The network would be tied in to the year-long U.S. government Anti-Microbial Resistance (AMR) Challenge, launched in September 2018 to accelerate the fight against all anti-microbial resistance. Lori’s also already locked in assistance at the state level.

“I’ve got a state representative, Fred Camillo from Greenwich, who has promised me a task force, which means it has the authority of the legislature,” says Lori. “And what we’d do is bring the Connecticut Veterinary Medical Board, Department of Public Health, and all the stakeholders to the table that would make this real, and we’d flesh it out.”

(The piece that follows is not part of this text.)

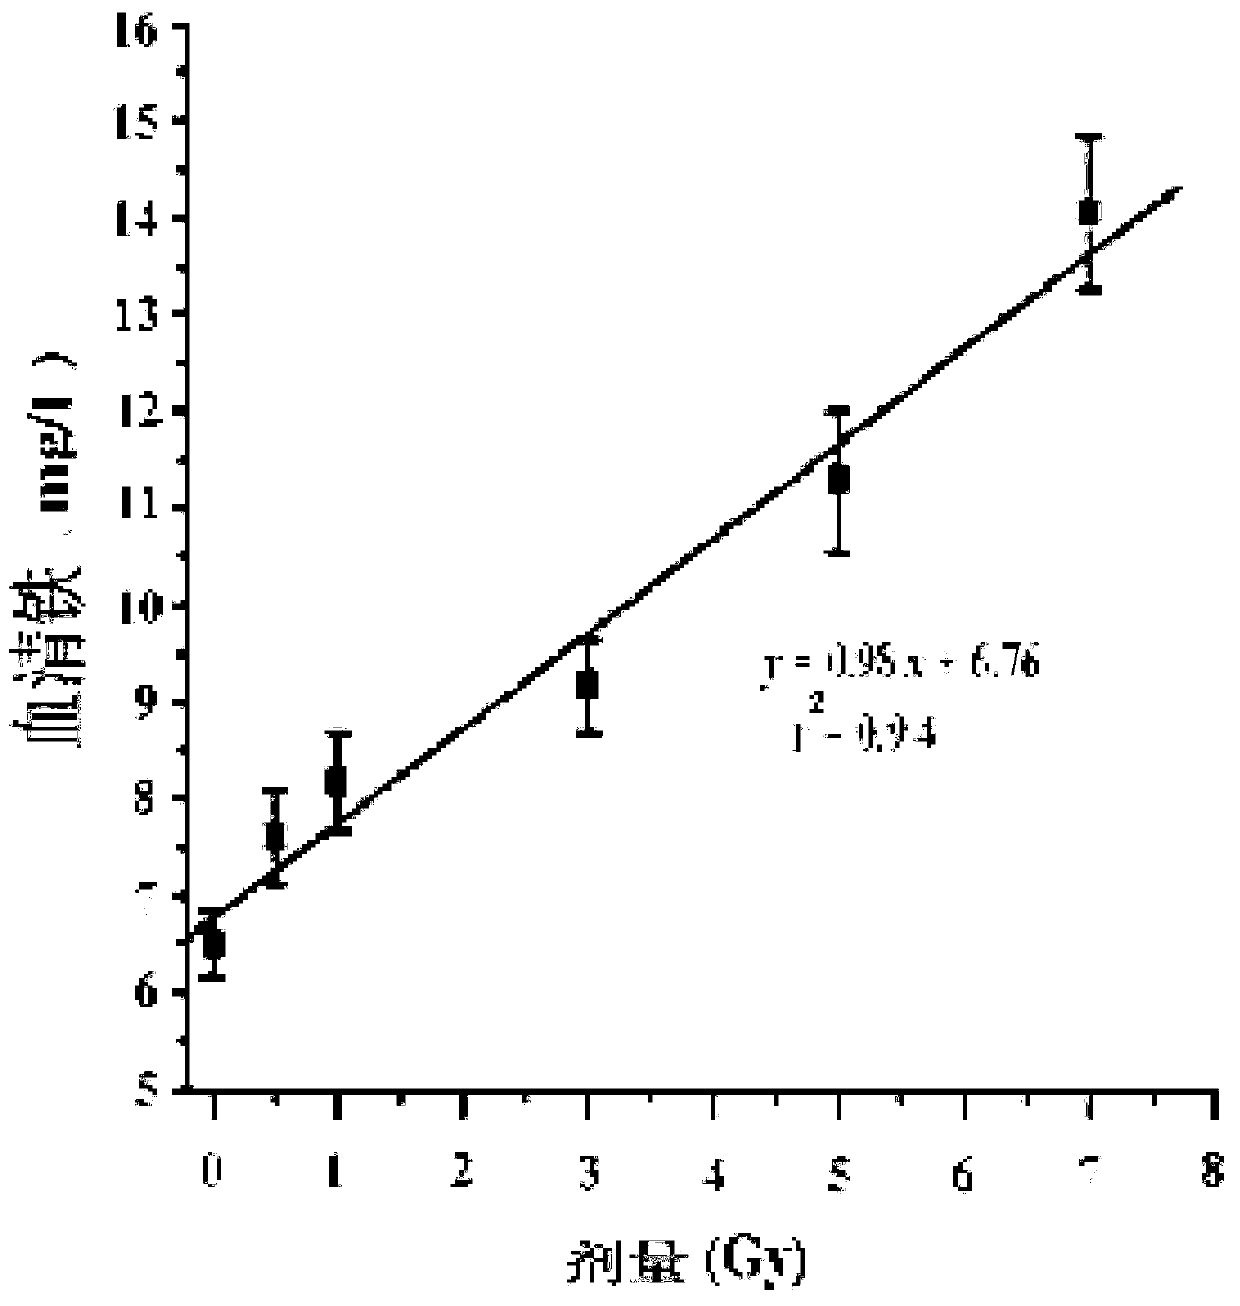 Radiation biological dose estimation method based on serum iron/serum copper

Trips to the CDC and even England to learn more about how she can help save pets’ lives were just a few stops on the road Lori is determined to forge toward developing a nationwide pet health metrics database in this country. In 2017, Lori founded a non-profit pet owners’ lobby, Bark to Be Heard (www.barktobeheard.org) to help build momentum for the cause. Now, she’s just released her original song “Thank God for Dogs” on YouTube. It took her a year and half of compiling motion graphics with photos of locals with their dogs and service canines to fill the slide-show style, four-minute video. The photos were taken by a Cambridge, Massachusetts photographer who “fell in love with this whole project and the mission,” Lori notes.

“We tried for the very best pictures we could get. It took a year and half to get all the different seasons, genders, age groups, and races, because pet owners are everybody,” says Lori, adding it all combines to tell the story of the “human-animal bond.”

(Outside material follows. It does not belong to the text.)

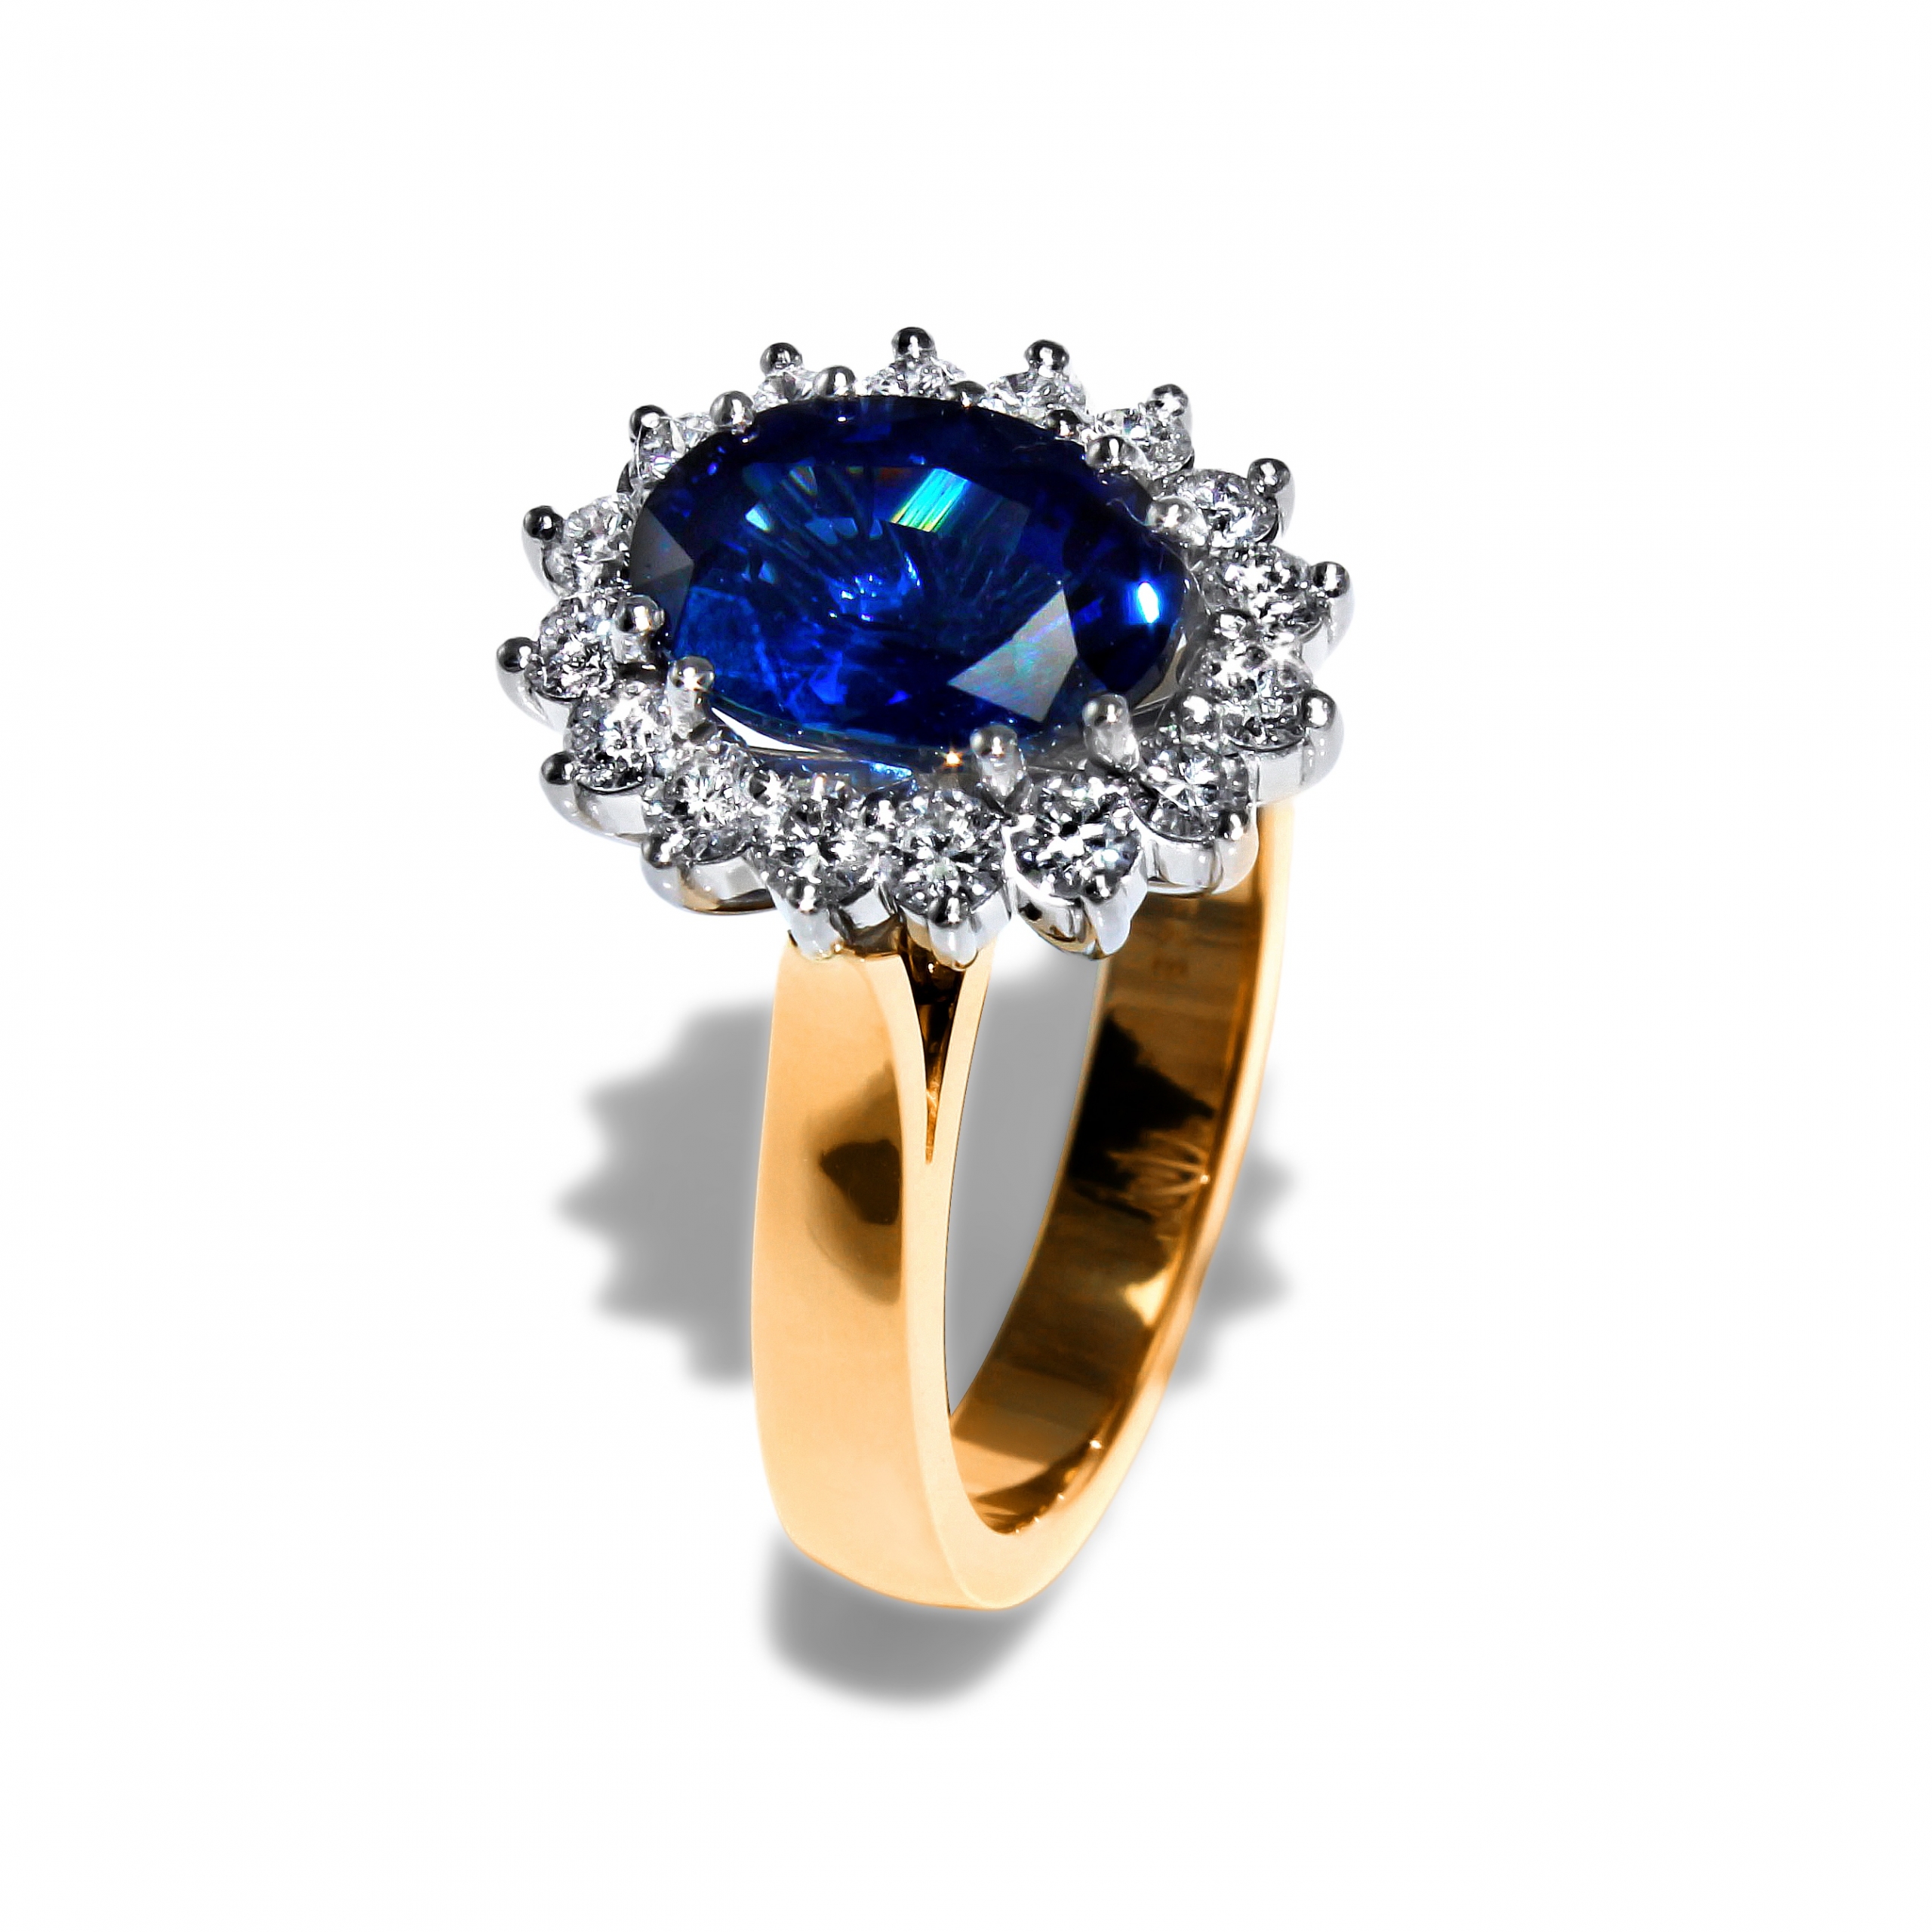 Princess Diana's Engagement Ring Has a Fascinating History

Lori says the video is also her way of saying, “Hey, look what they do for us…Now don’t they deserve our best efforts?”

With 30 years of professional experience as a keyboard player, guitarist, singer, and published songwriter, Lori’s evocative music and heartfelt words, sung in beautiful voice, could very well capture the heart of any pet lover across the country who happens upon the YouTube video.

“I meant every word of it. That song was right from my heart,” says Lori. “If I could get on the Ellen Show and just say, ‘This is what we can do together, pet owners.’ If we go to our veterinarians and these boards and the teaching hospitals and we say, ‘If you start sharing this data, the outcomes could save lives.’ We could really help them if we could just bust up these silos and let this information flow. There’s so much power in it. There’s so much healing in it.”